Reply by Don Y ●April 20, 20162016-04-20

On 4/20/2016 5:27 PM, Tim Wescott wrote:
> On Wed, 20 Apr 2016 15:30:12 -0700, Don Y wrote:
>
>> On 4/20/2016 2:17 PM, Tim Wescott wrote:
>>> On Wed, 20 Apr 2016 12:57:06 -0700, Don Y wrote:
>>>
>>>> I have a distributed system.  As such, it is possible for parts of it
>>>> to crash, become unresponsive, suffer hardware failures, etc.
>>>>
>>>> The "system" as a whole needs a way of coping with these.
>>>>
>>>> In the normal course of operation, traffic between nodes gives some
>>>> reassurance that the nodes involved are "sane".
>>>>
>>>> OTOH, if a node starts acting wonky, I can invoke recovery protocols
>>>> that (in an ideal world) will reset/restart the portions of the node
>>>> that appear to be misbehaving (e.g., if traffic to/from one particular
>>>> task is "odd", then perhaps that task has gone south;
>>>> but, the remainder of the node may be intact.  Or, some I/O that the
>>>> wacky task handles is misbehaving and the task is doing its best to
>>>> make sense of a broken environment).
>>>
>>> I would be more inclined to insist that each node has good
>>> built-in-test,
>>> and that it do it's own fault recovery -- i.e., to the extent possible
>>> it should recognize it's own problems, and at worst it should respond
>>> to requests for information with "I'm sorry, I'm sick right now and
>>> can't come to work."
>>
>> Nodes are up "forever".  So, the POST only happens occasionally.
>> I have some run-time diagnostics (e.g., testing RAM as I scrub it;
>> sanity tests on I/O values, etc.).  But, if the node is already
>> "compromised" in some way, I can't rely on *it* being able to adequately
>> vouch for itself.
>
> POST is only part of BIT.  When I did pseudo-military stuff, BIT meant
> continuous built-in test, that would pop a fault condition if a sensor
> went out of range or if some combination of sensors were out of bounds.

That's just common-sense validation of inputs.  I.e., if I command a
motor to "move right" and sense the LEFT limit switch engaging,
something is very wrong.  Or, if a temperature sensor indicates
25.3C on one sample and 42.5C on the next sample -- when the
thermal mass involved would otherwise prohibit such a change.

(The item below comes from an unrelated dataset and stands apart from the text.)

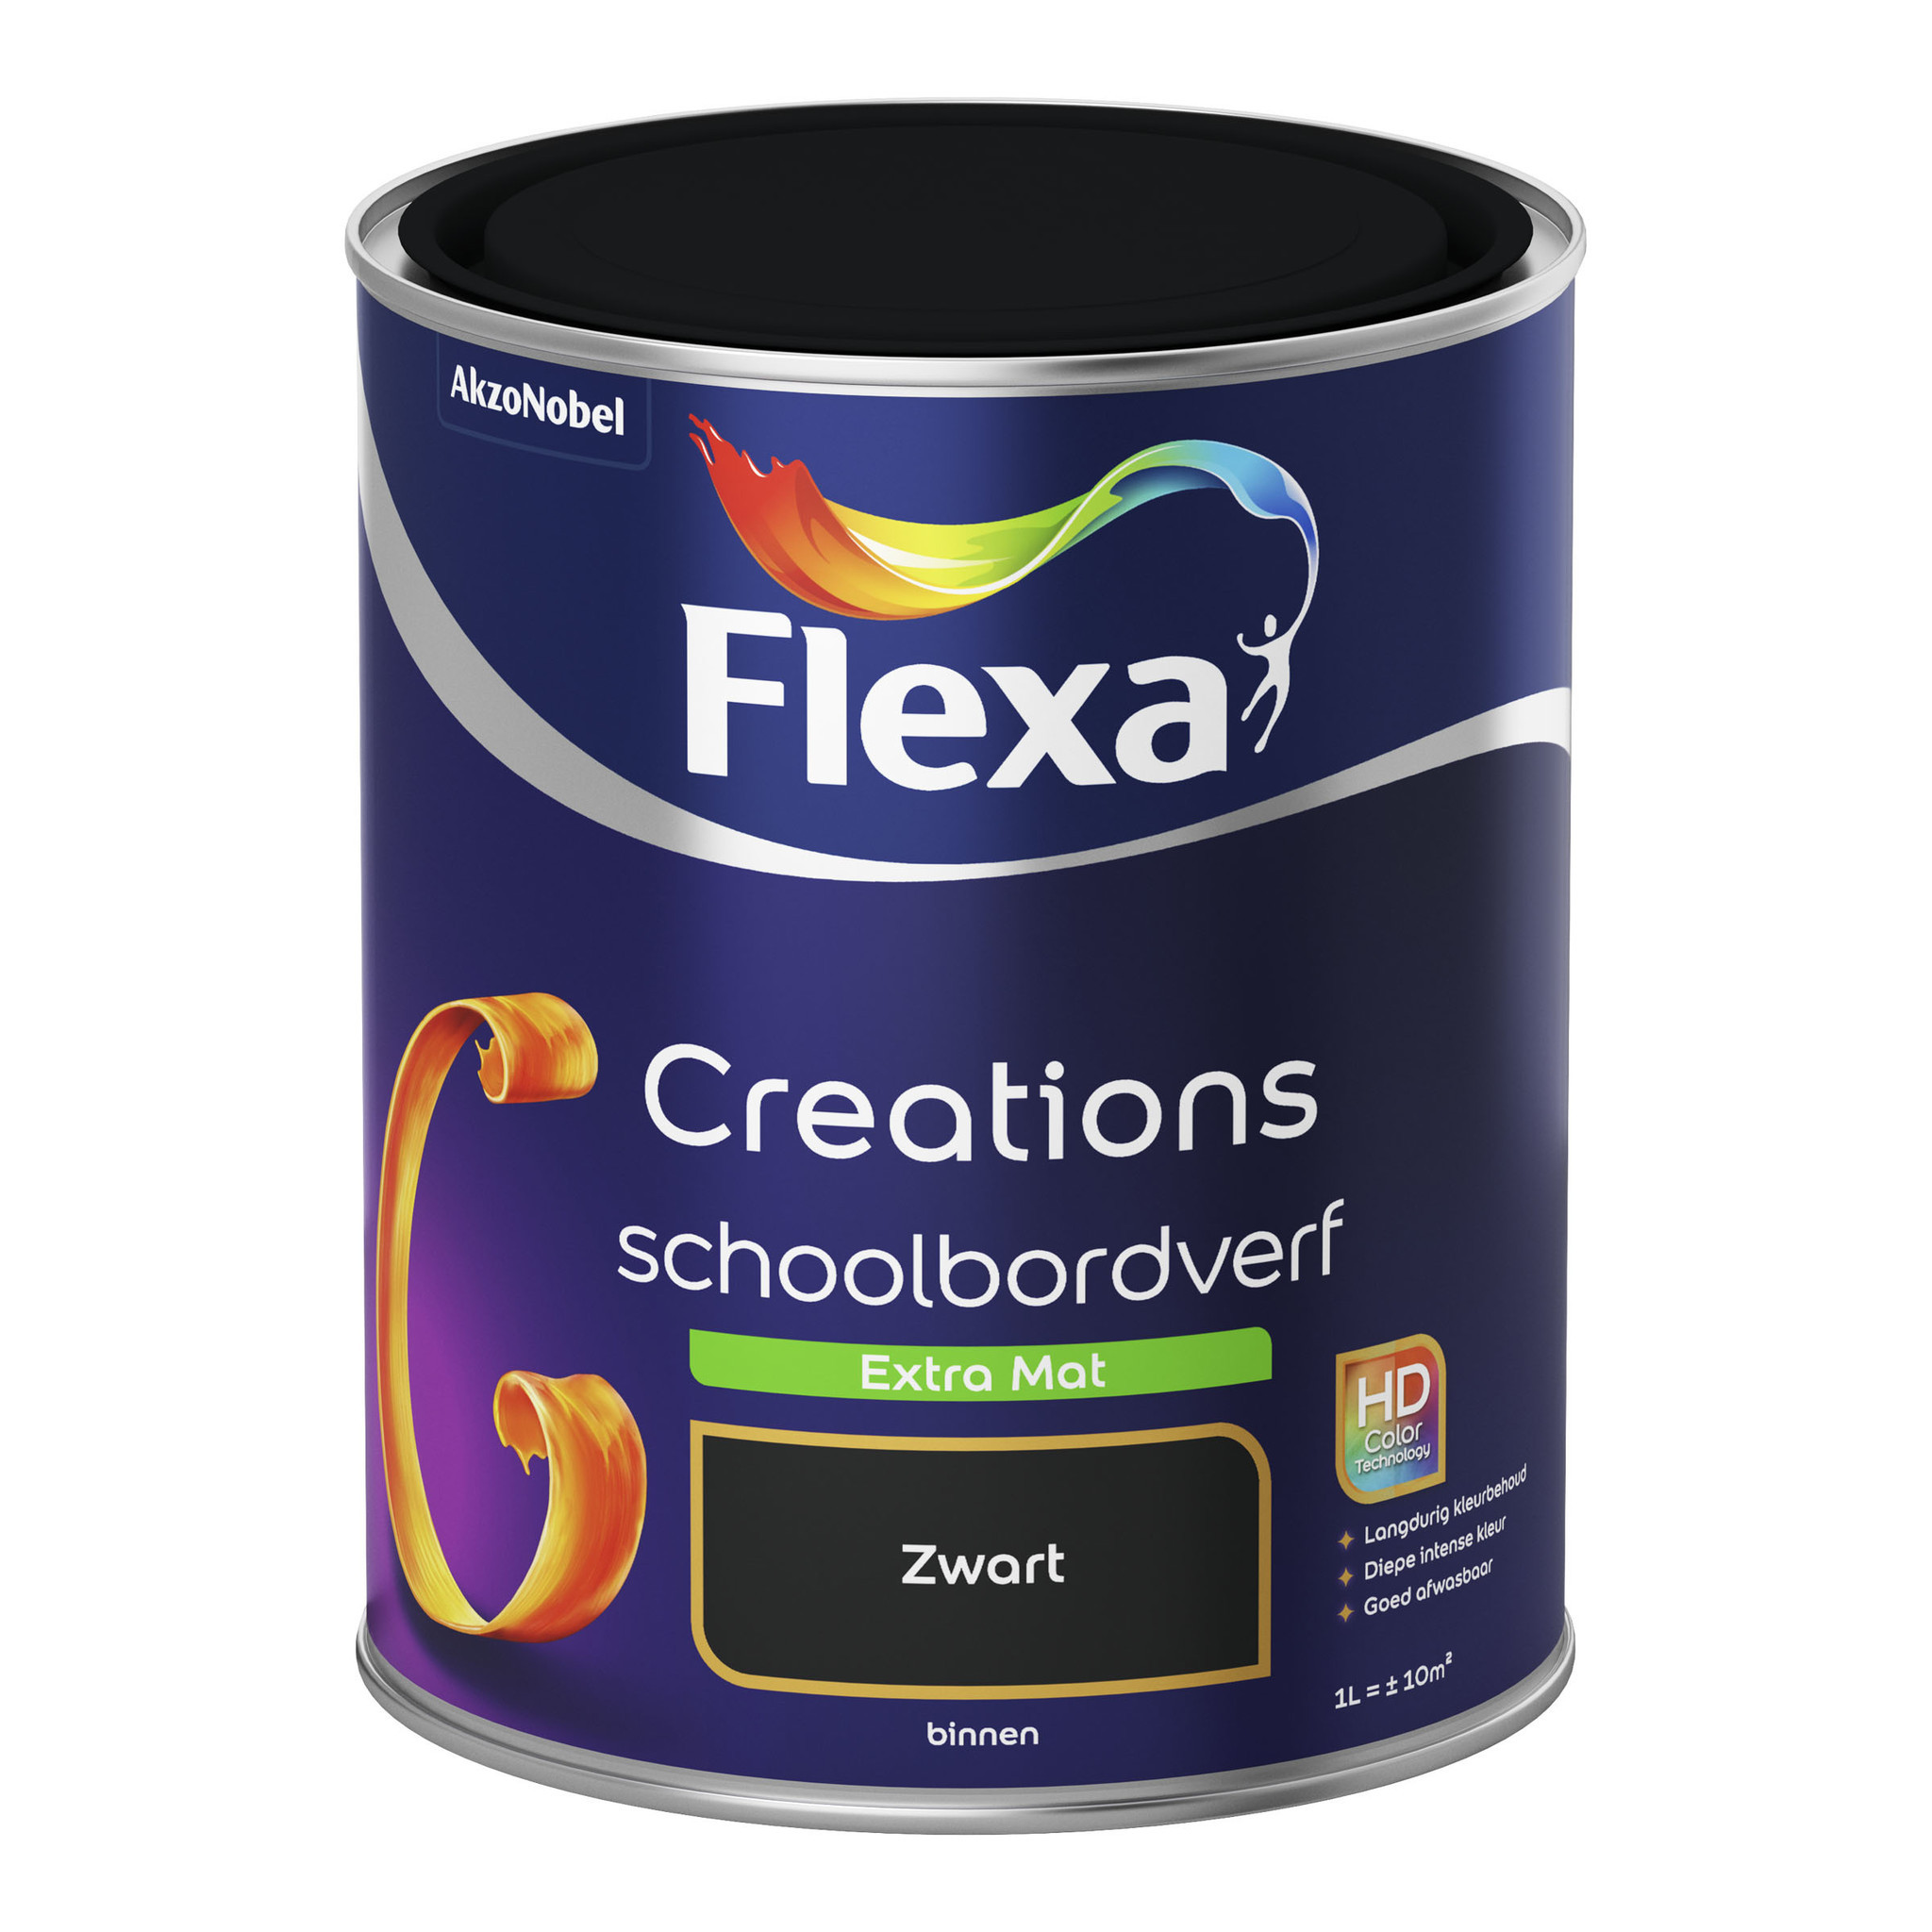 Flexa Creations Schoolbordverf

> FIT (Fault Isolation Test) was something you commanded, and took that
> part of the system off line.  POST was FIT on steroids.

I can invoke POST by cycling power to the node and letting it
go through its normal startup checks.  But, that takes the whole
node off-line for the duration.

Instead, I "poke at" various aspects of the system while it is running
to ensure that "as components" they appear to be operational.

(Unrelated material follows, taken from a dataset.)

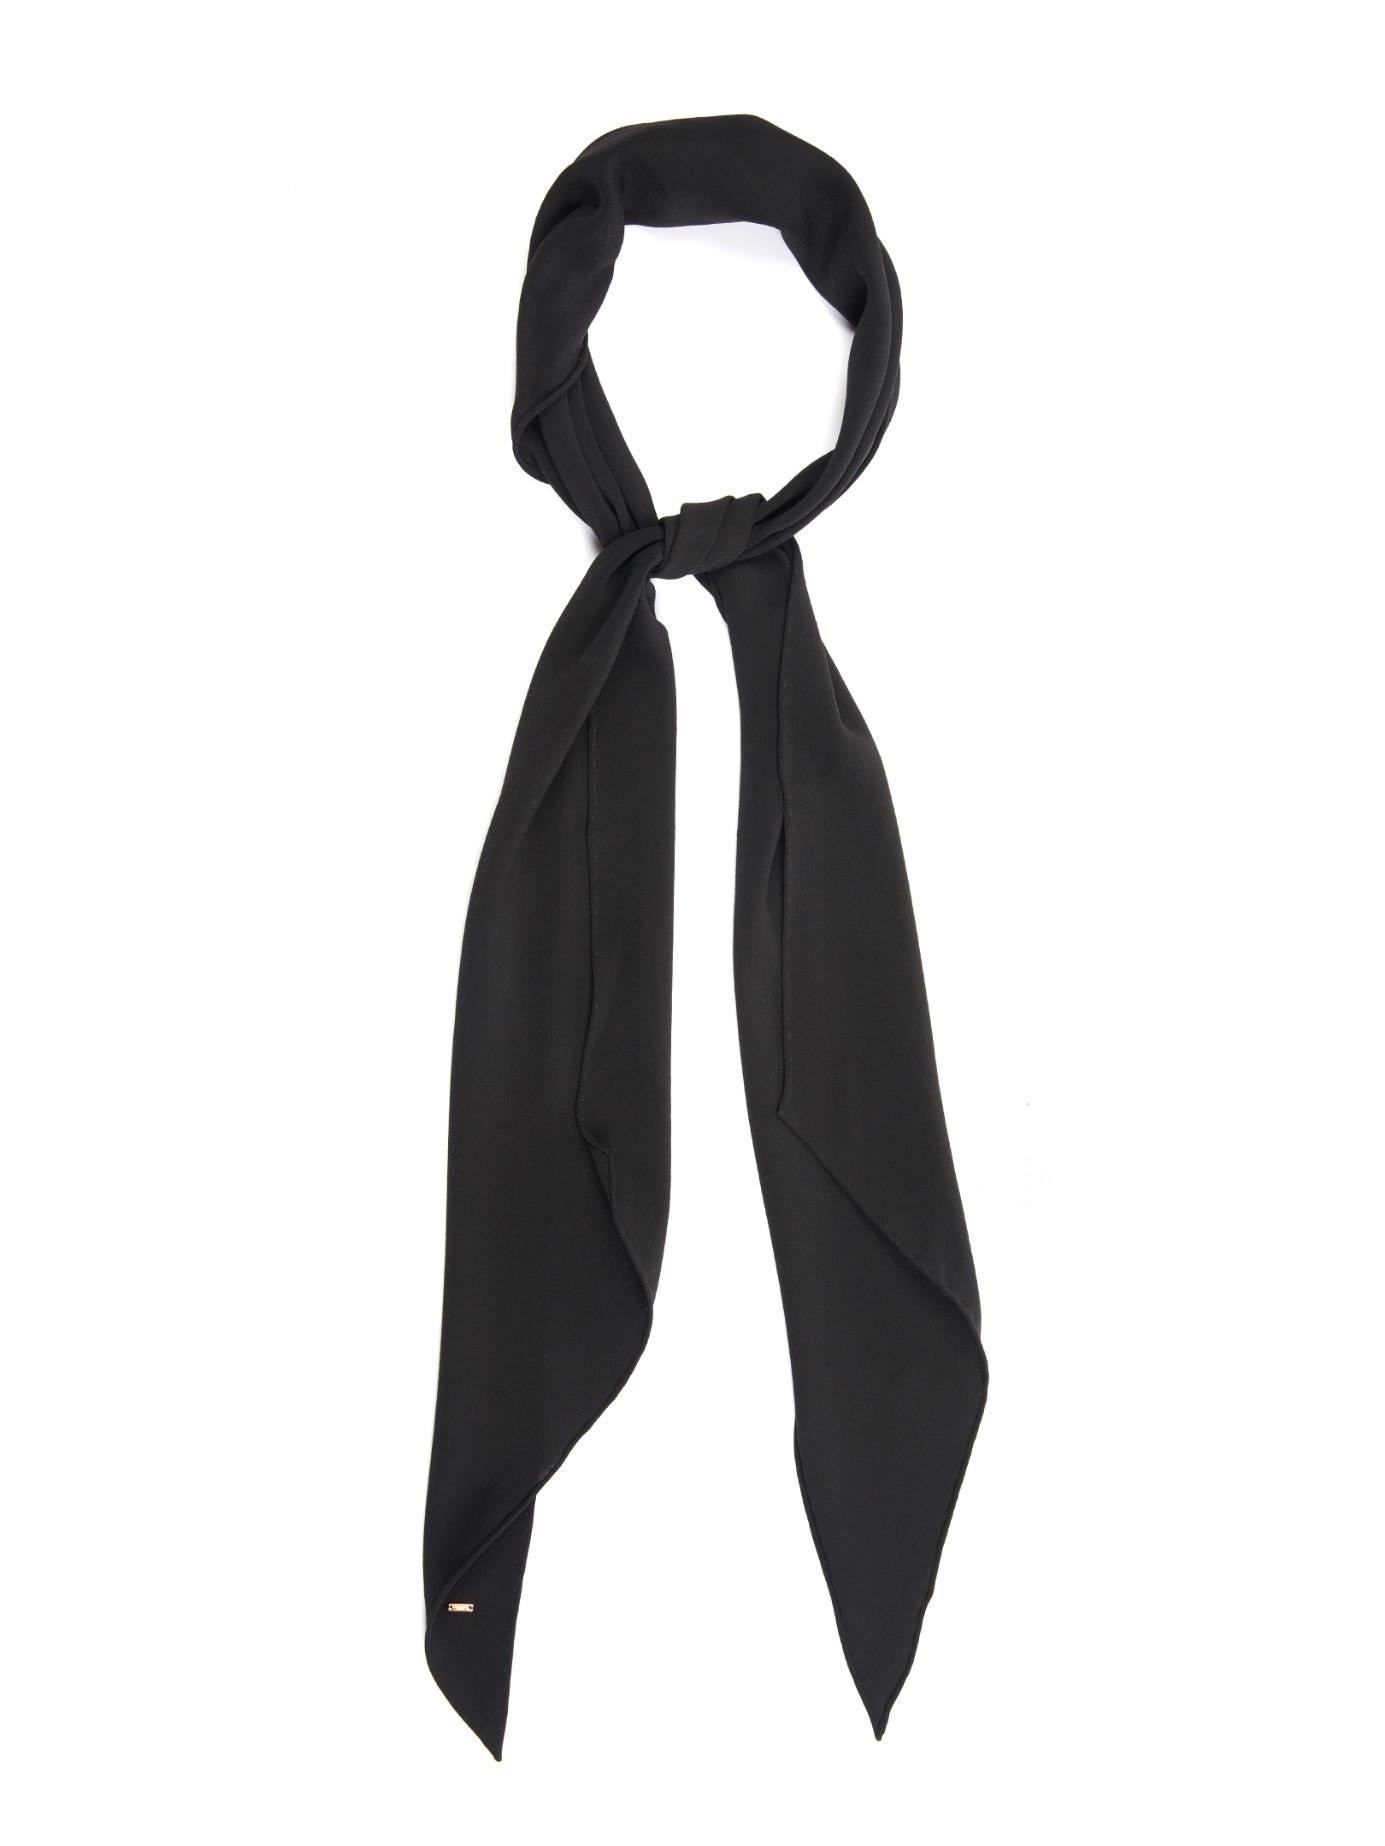 Saint Laurent Silk-crepe Scarf in Black | Lyst

>> OTOH, if a *process* goes wonky, I can shut it down (the assumption
>> being that the rest of the node is intact).  But, if the node doesn't
>> (or can't!) listen, then I can't "tell" it to do anything!
>
> I'm not sure if by process you mean one thread of execution within the
> node's one processor, or if you mean that the node has multiple
> processors.

"Process" being a container for threads and other resources.
"Job" being a collection of processes.

So, my statement is intended to mean "some planned activity is not
behaving in a 'nominal' manner".  E.g., if a process is supposed
to be reporting power consumption at 10 second intervals and
the numbers suddenly make no sense (e.g., -37, +JKLHKL, etc.)
or the update interval lengthens or quickens or it stops responding
to commands or synchronous RPC's to the process "hang indefinitely"...

These are things that a remote process/actor can discern from observations
FROM that other (remote) process.  They leak information regarding the
remote process's likely functionality (or lack thereof).

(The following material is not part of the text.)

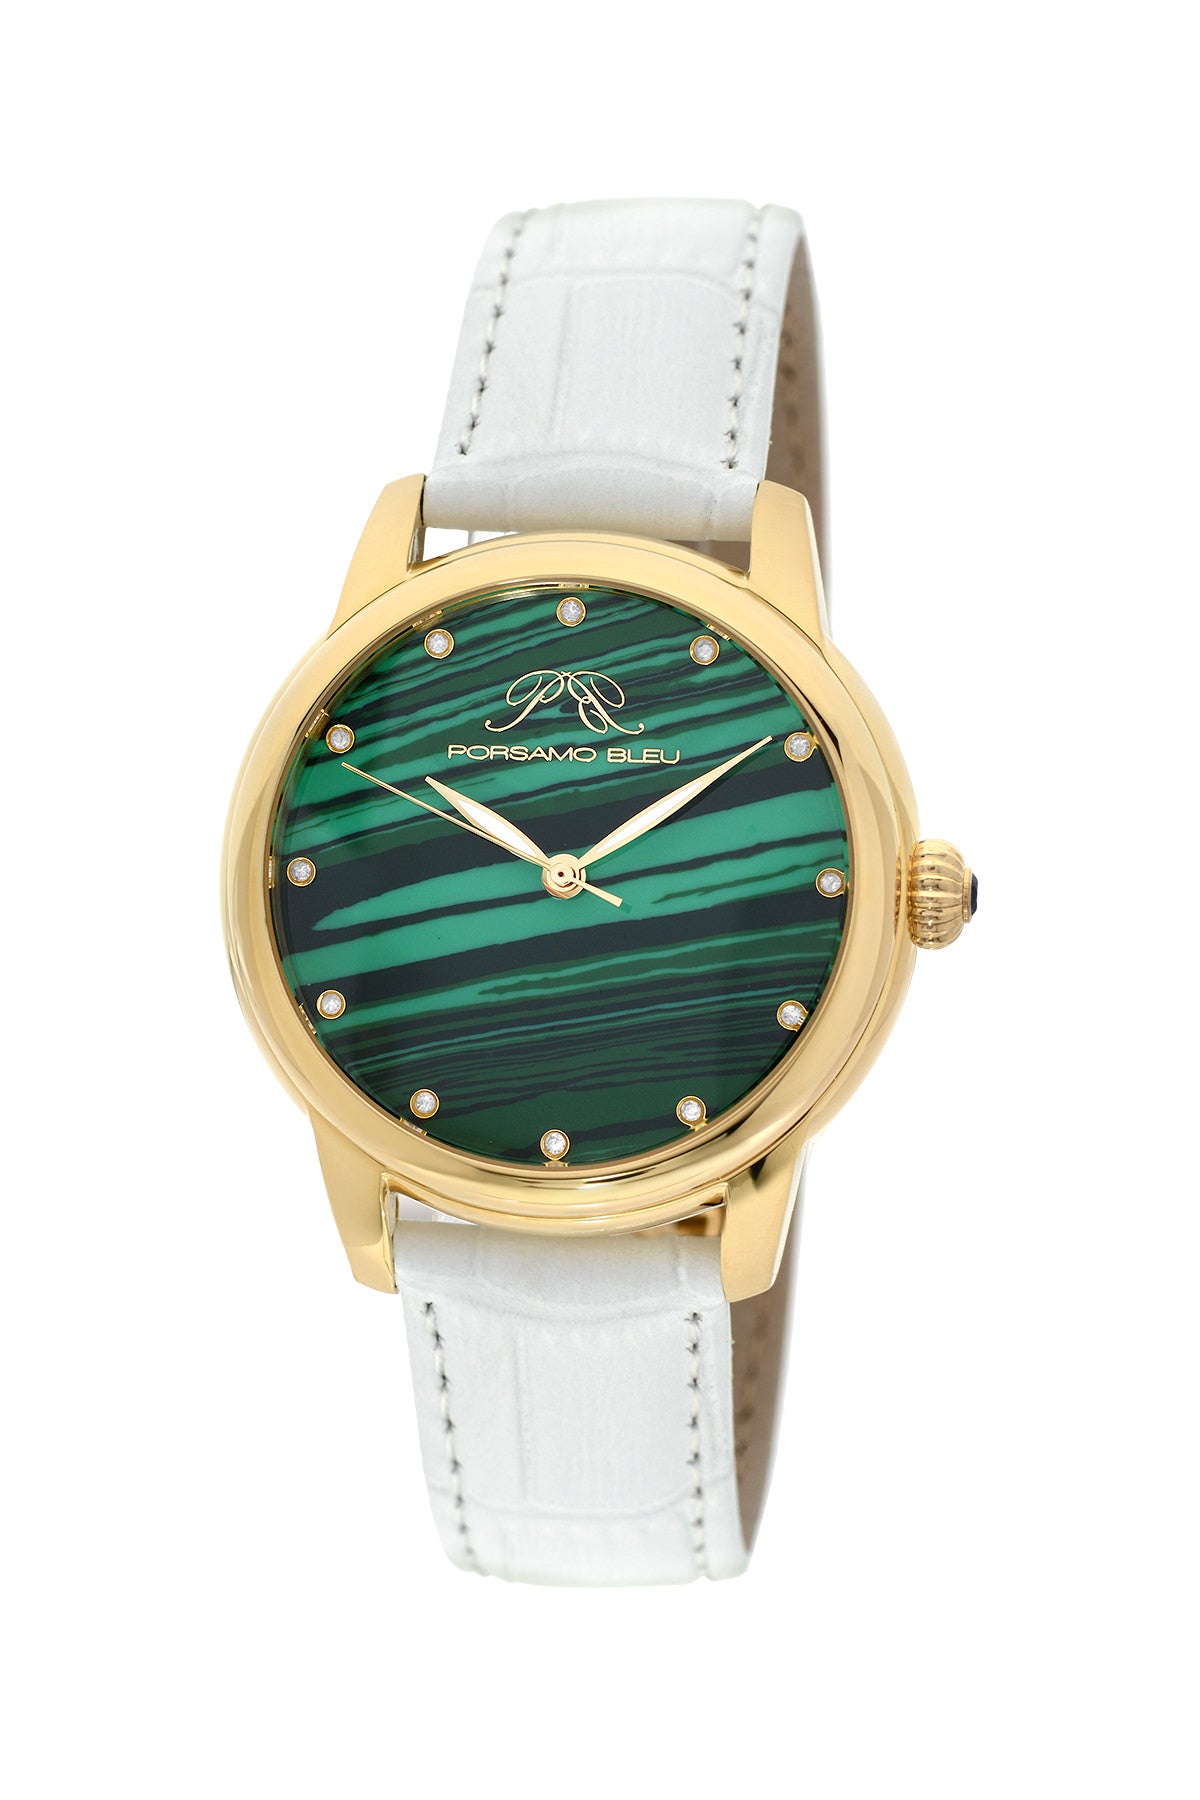 Porsamo Bleu Gemma luxury diamond women's watch, genuine leather band, gold, white, malachite 732CGEL

If you could observe ALL of the processes on a node, remotely, you might
be able to infer that there is some systemic failure on that node.

> At any rate, you should consider having local BIT that can at least tell
> if a process has gone _really_ wonky and do something.

The OS knows if a process isn't interacting with it, properly.
The process can't interact with anything else in the system (local
or remote) without the OS acting as intermediary.

But, the OS doesn't want to *know* how the process should behave.
That information is encoded in the interactions the process has
with other actors (local and remote) in the system.

Obviously, if a node "goes silent", it is highly suspect.  If this
happens to an isolated process, then (hopefully) SOMETHING on the
node is still sane and can help recover/restore that capability.

What I need is an "if all else fails" fallback.  So, I don't
have to worry that some I/O is being (erroneously) commanded
to do something that it shouldn't, etc.

Reply by Robert Wessel ●April 21, 20162016-04-21

On Wed, 20 Apr 2016 12:57:06 -0700, Don Y
<blockedofcourse@foo.invalid> wrote:

>I have a distributed system.  As such, it is possible for parts of it
>to crash, become unresponsive, suffer hardware failures, etc.
>
>The "system" as a whole needs a way of coping with these.
>
>In the normal course of operation, traffic between nodes gives some
>reassurance that the nodes involved are "sane".
>
>OTOH, if a node starts acting wonky, I can invoke recovery protocols
>that (in an ideal world) will reset/restart the portions of the
>node that appear to be misbehaving (e.g., if traffic to/from one
>particular task is "odd", then perhaps that task has gone south;
>but, the remainder of the node may be intact.  Or, some I/O that
>the wacky task handles is misbehaving and the task is doing its
>best to make sense of a broken environment).
>
>If the node itself gets hosed, then a hardware watchdog on that
>node *might* bring it back to nominal operating condition.
>
>But, I still need a reliable way of making a (remote) node "safe",
>"secure", etc.
>
>I presently deliver PoE to each node and many of them live off that.
>So, as a last ditch effort, I can command the switch to remove that
>and unceremoniously bring the node down.
>
>Except for the nodes that *aren't* dependent on that!
>
>Rather than concoct some other mechanism that might work (less effectively),
>perhaps it is easiest to codify this behavior in the hardware interface spec?
>I.e., even if you don't RELY on PoE, you must still *honor* it AS IF you did!
>
>In the simplest case, that means treating !PoE as a RESET state.  And,
>ensuring that the hardware will remain safe/secure in perpetual reset
>(i.e., not expecting RESET to be a *transient* state).
>
>Of course, the downside is that I now must be able to deliver something
>akin to a PoE signal on every port (though I could possibly skimp on
>the load carrying capability for many ports?)
>
>Any holes in this?  Or, better alternatives?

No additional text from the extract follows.